## EXERCISE DIRECTIONS
I need an exact copy of the lines from the one containing "The Star Spangled" through the end of the records, without any pictures.

## SOURCE RECORDS
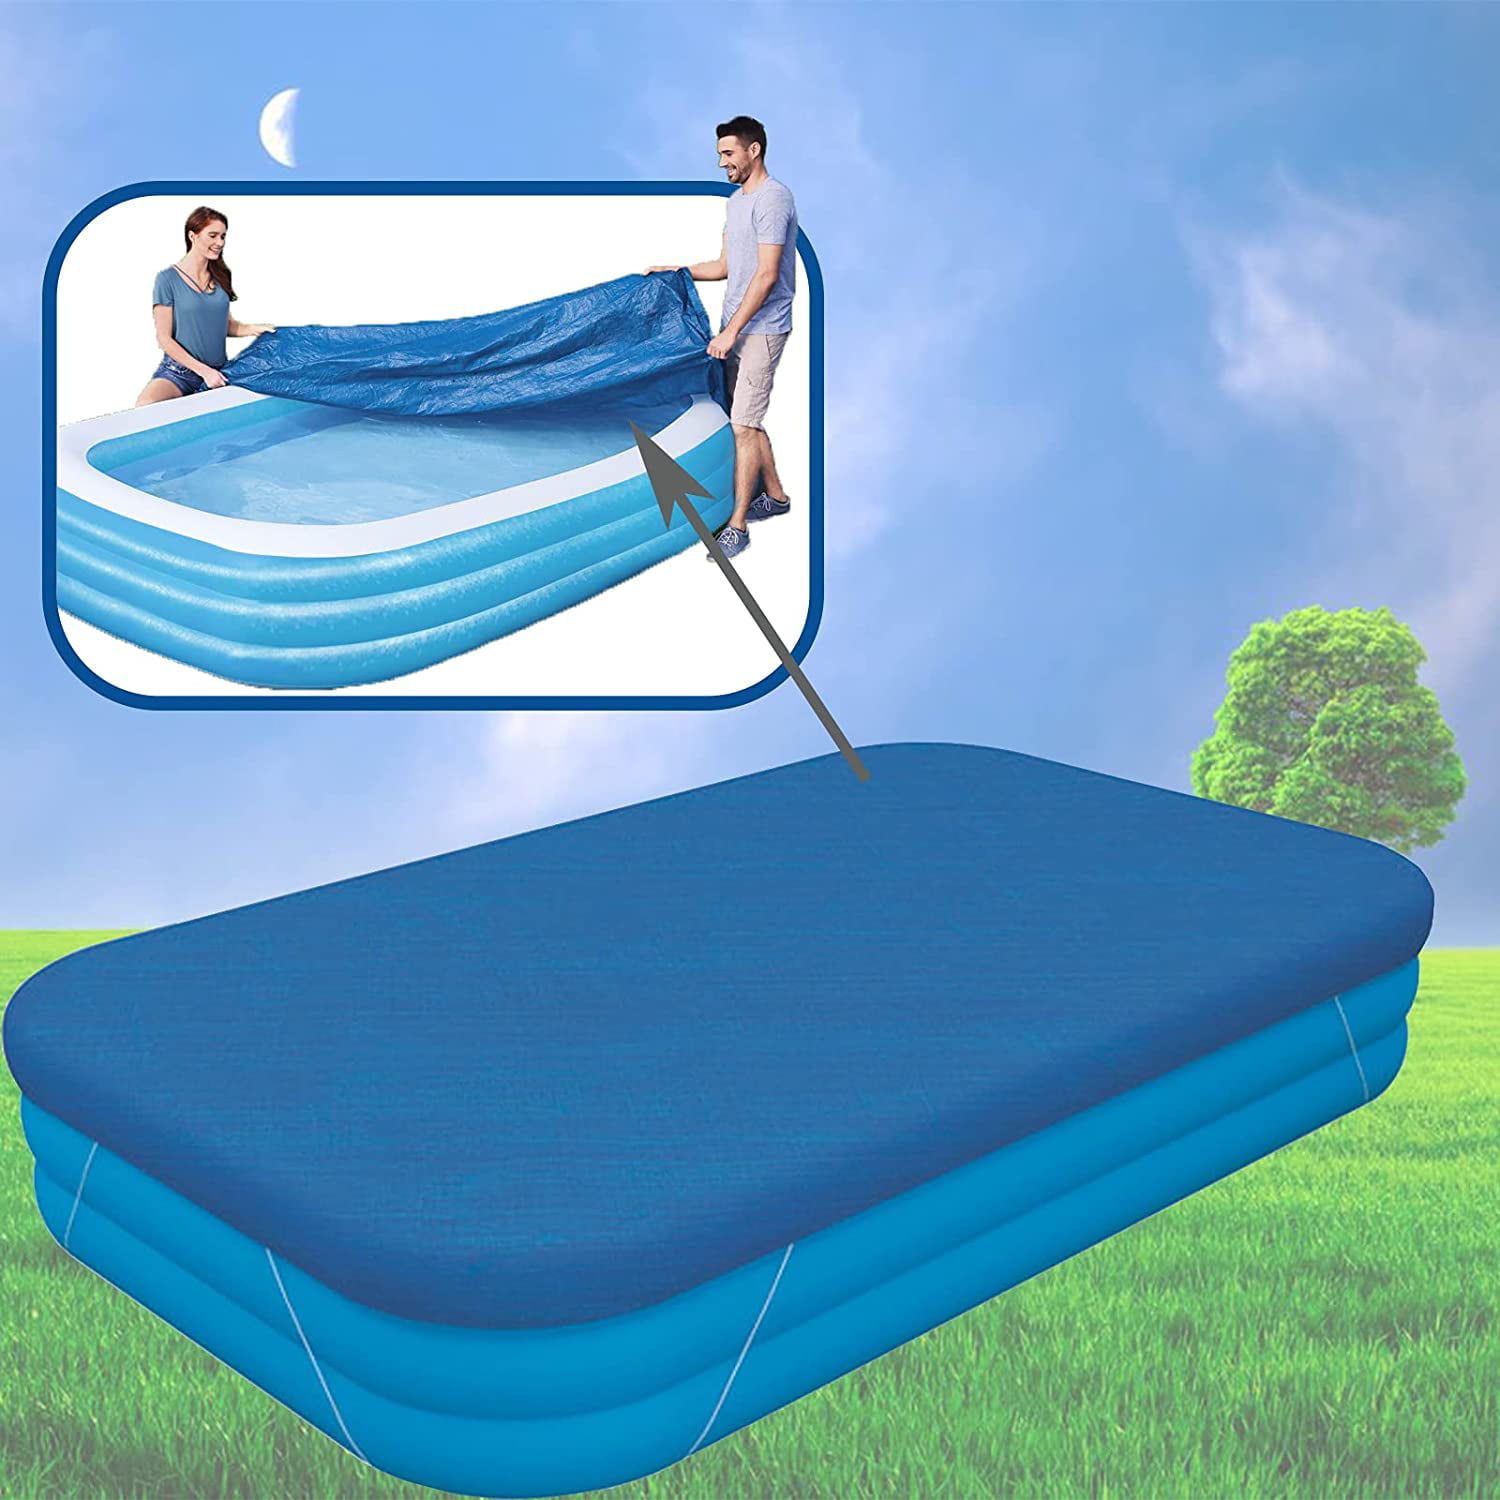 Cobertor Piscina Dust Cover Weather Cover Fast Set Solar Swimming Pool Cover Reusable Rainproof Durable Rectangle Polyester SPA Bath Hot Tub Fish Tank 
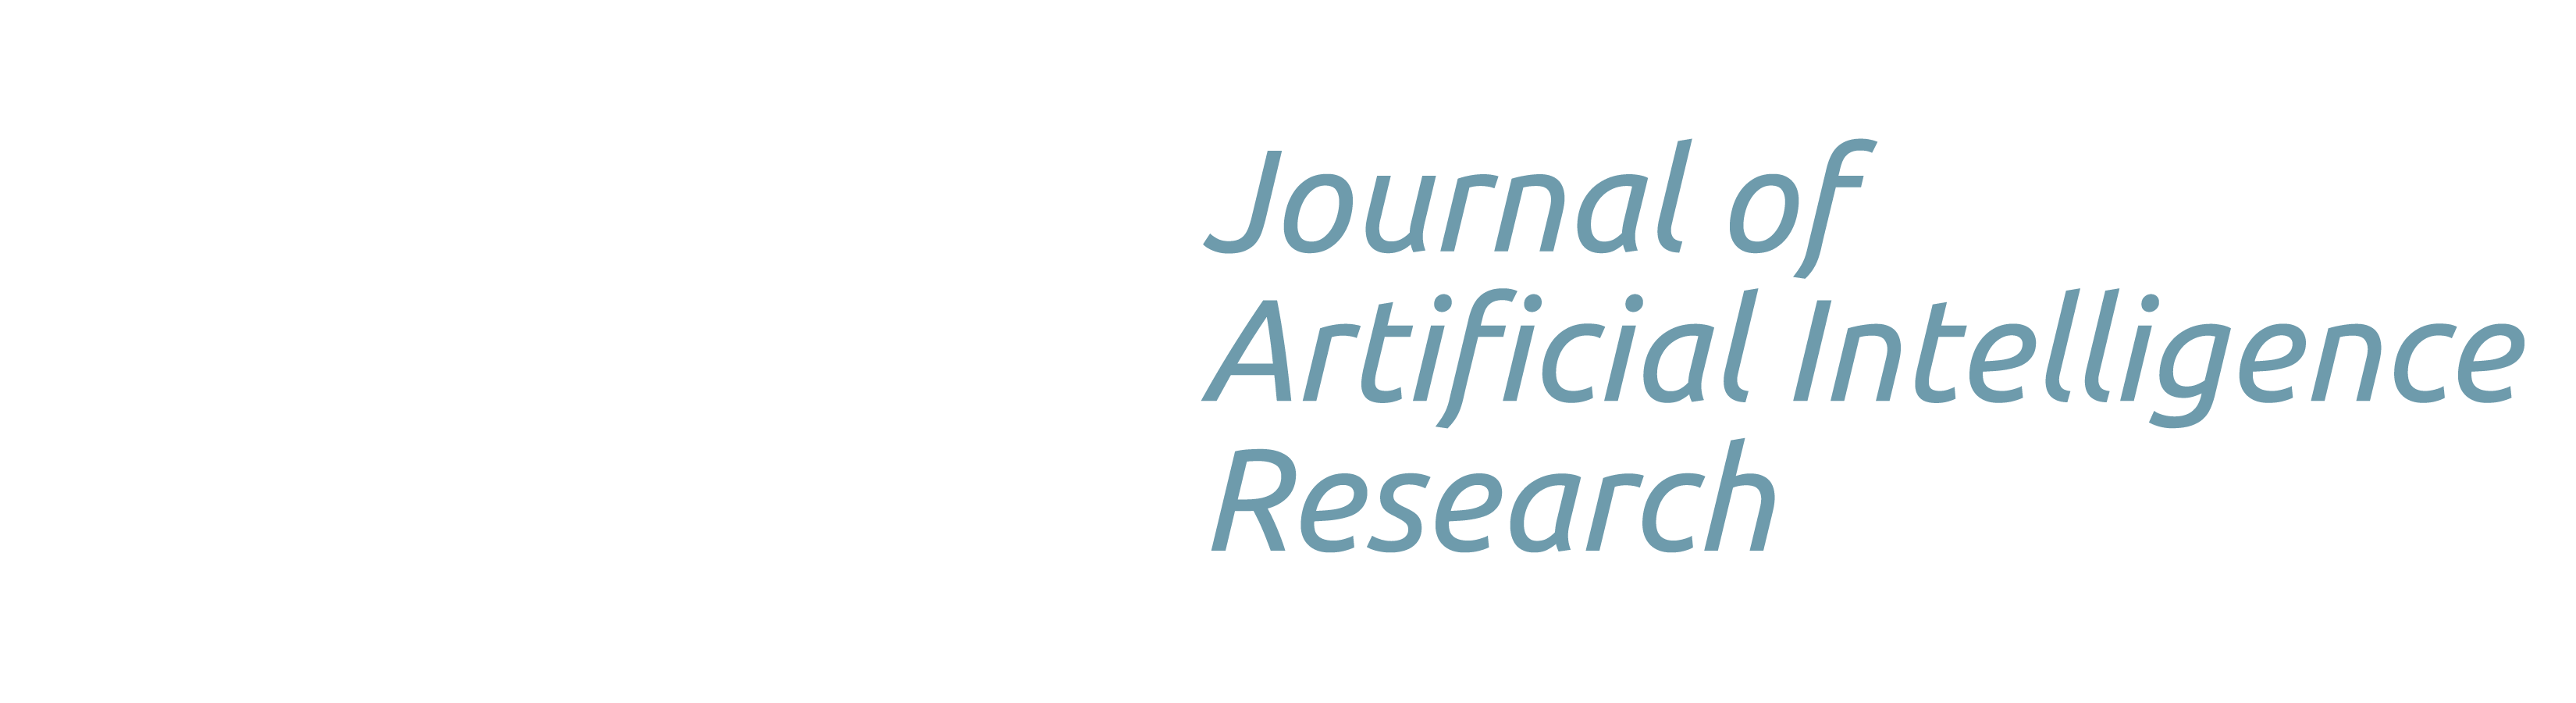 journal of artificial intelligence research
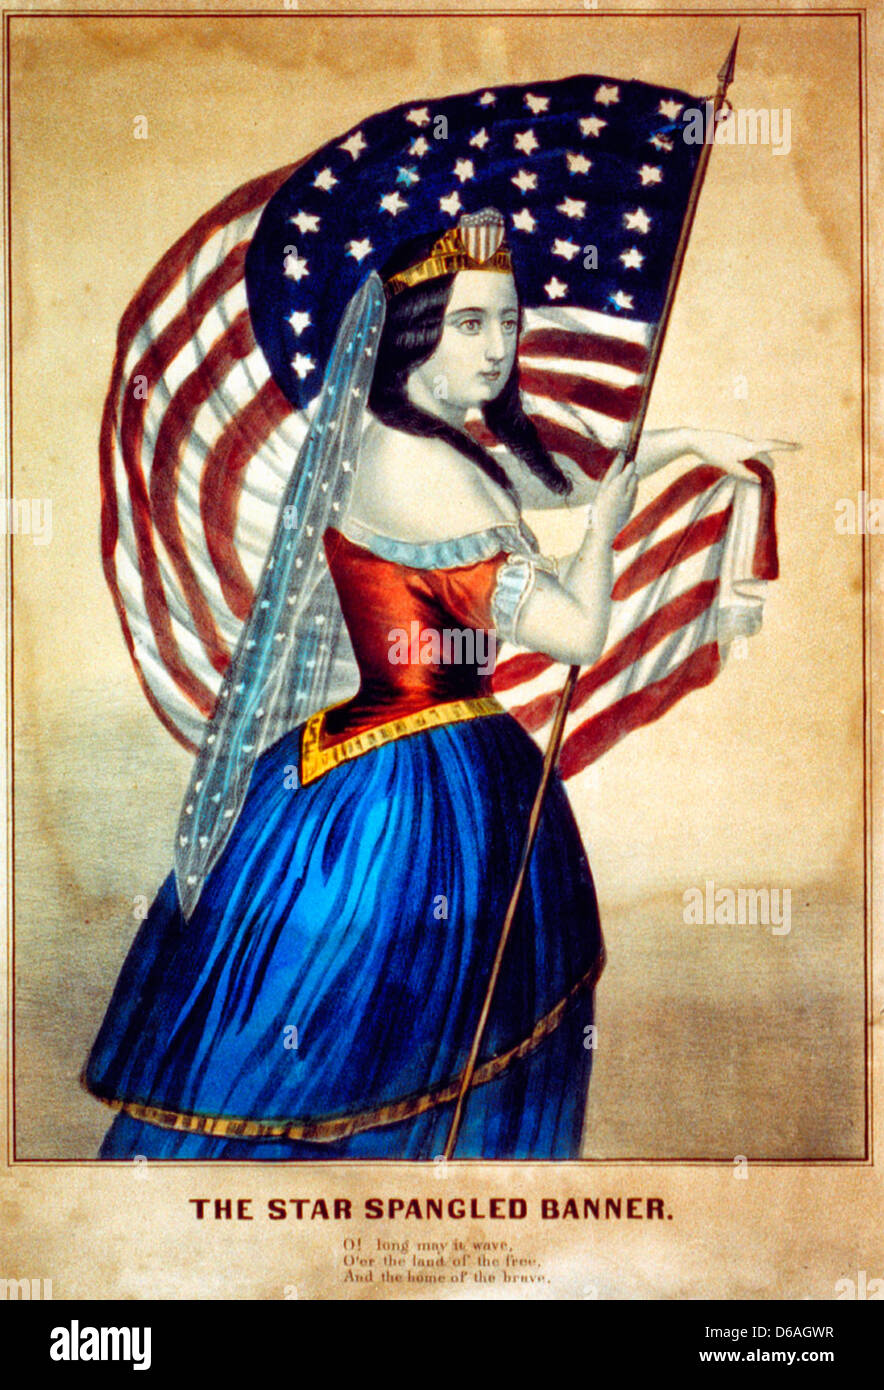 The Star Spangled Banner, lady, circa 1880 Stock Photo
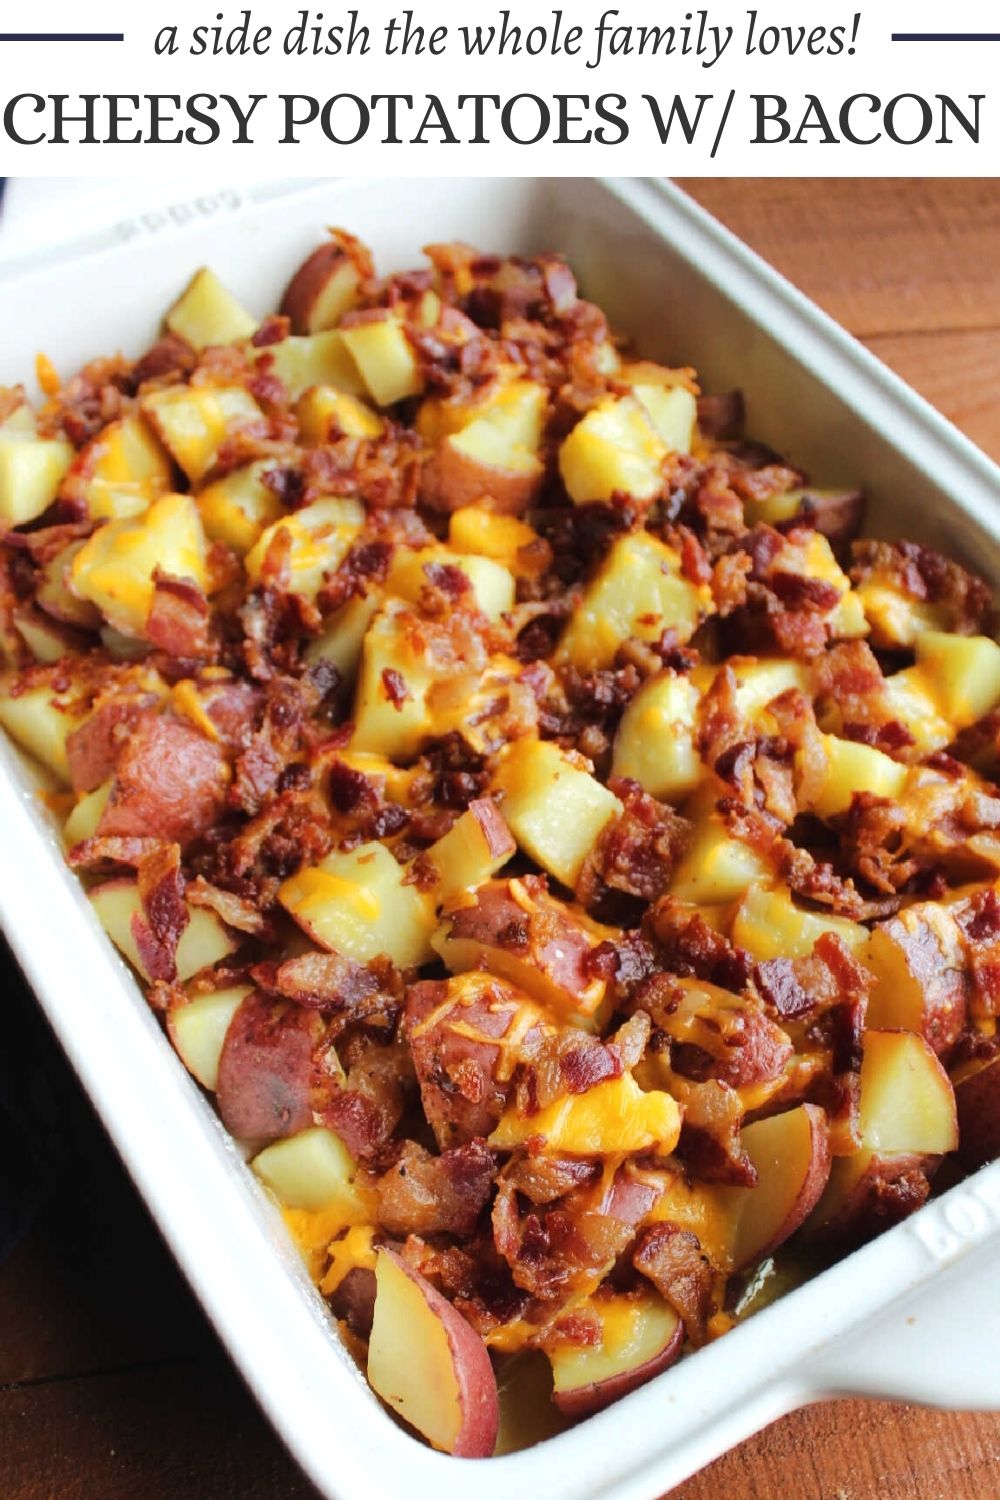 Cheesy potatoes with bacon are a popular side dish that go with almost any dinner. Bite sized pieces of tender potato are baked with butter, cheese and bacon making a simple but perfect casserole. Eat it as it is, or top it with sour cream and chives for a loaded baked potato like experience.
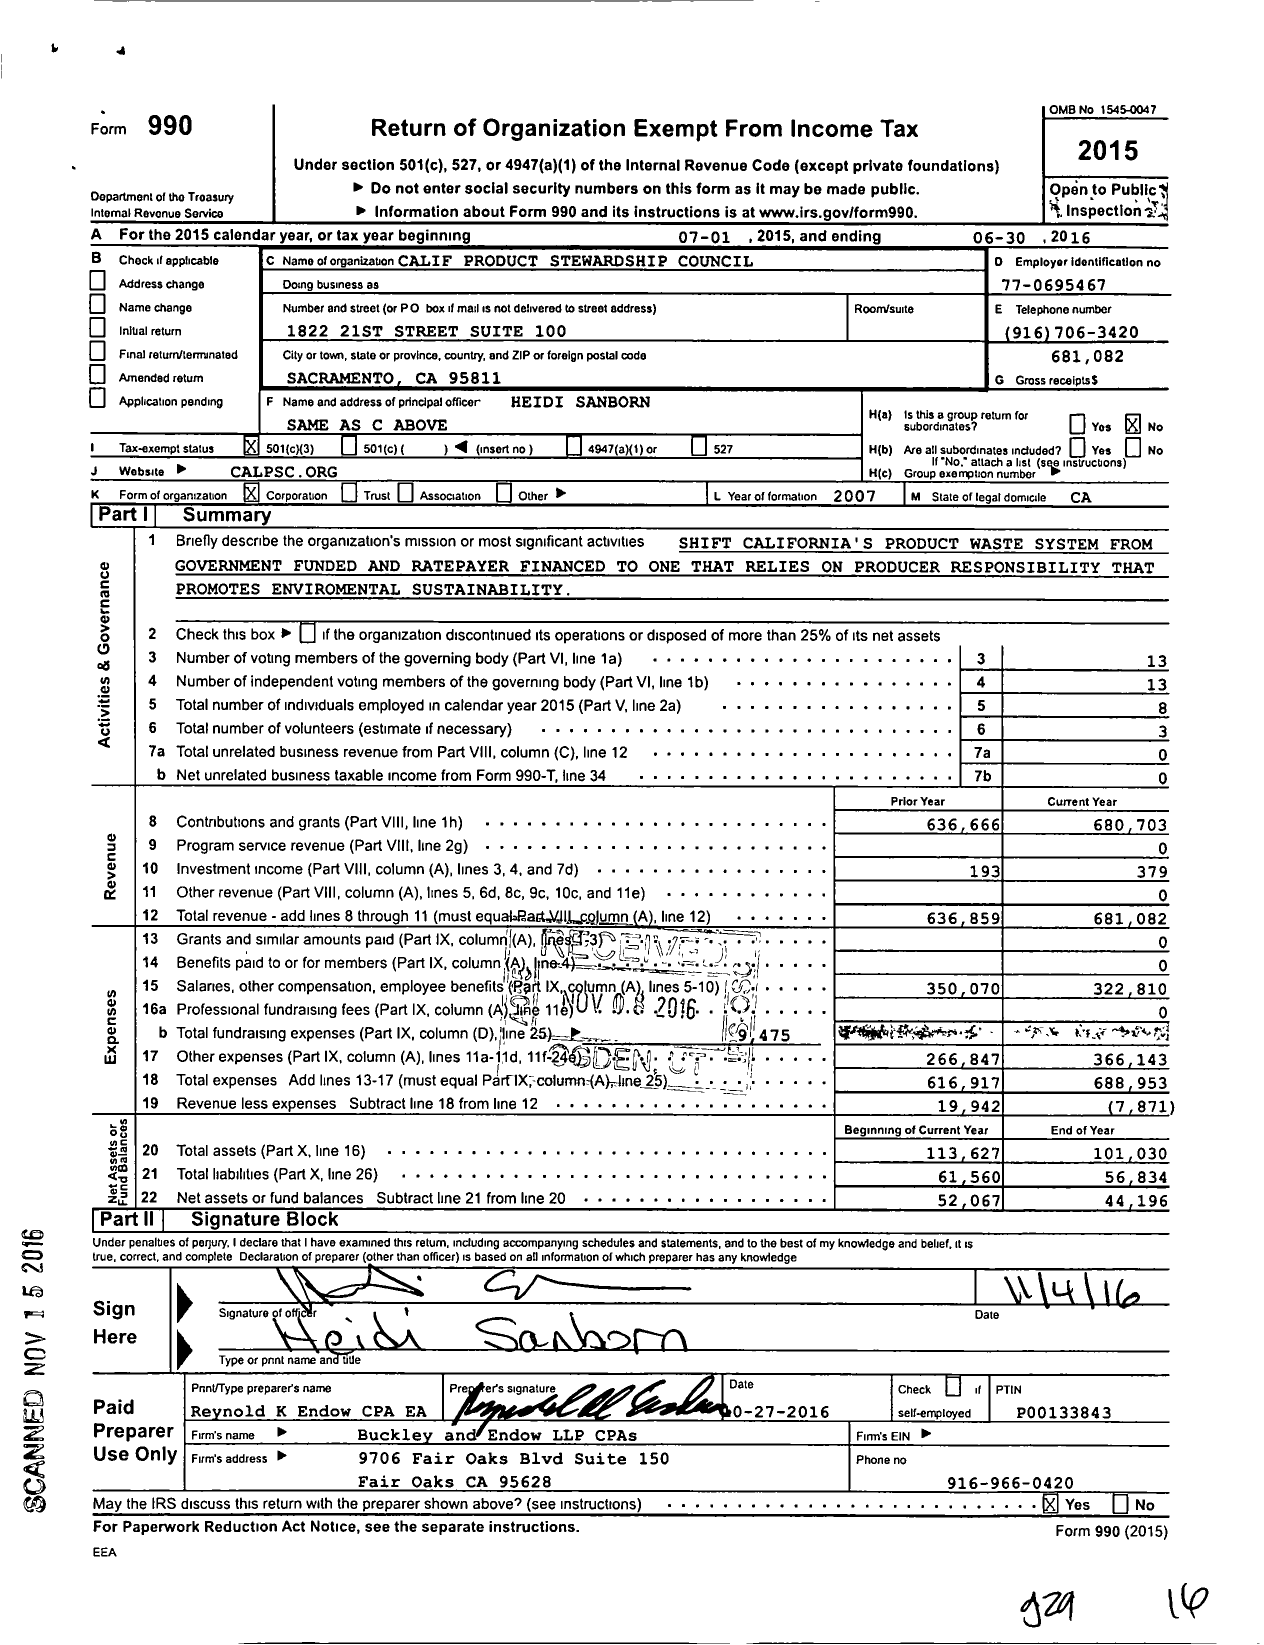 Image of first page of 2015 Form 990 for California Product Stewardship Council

## REPLY TO THE TASK
 The Star Spangled Banner, lady, circa 1880 Stock Photo
 Cheesy potatoes with bacon are a popular side dish that go with almost any dinner. Bite sized pieces of tender potato are baked with butter, cheese and bacon making a simple but perfect casserole. Eat it as it is, or top it with sour cream and chives for a loaded baked potato like experience.
 Image of first page of 2015 Form 990 for California Product Stewardship Council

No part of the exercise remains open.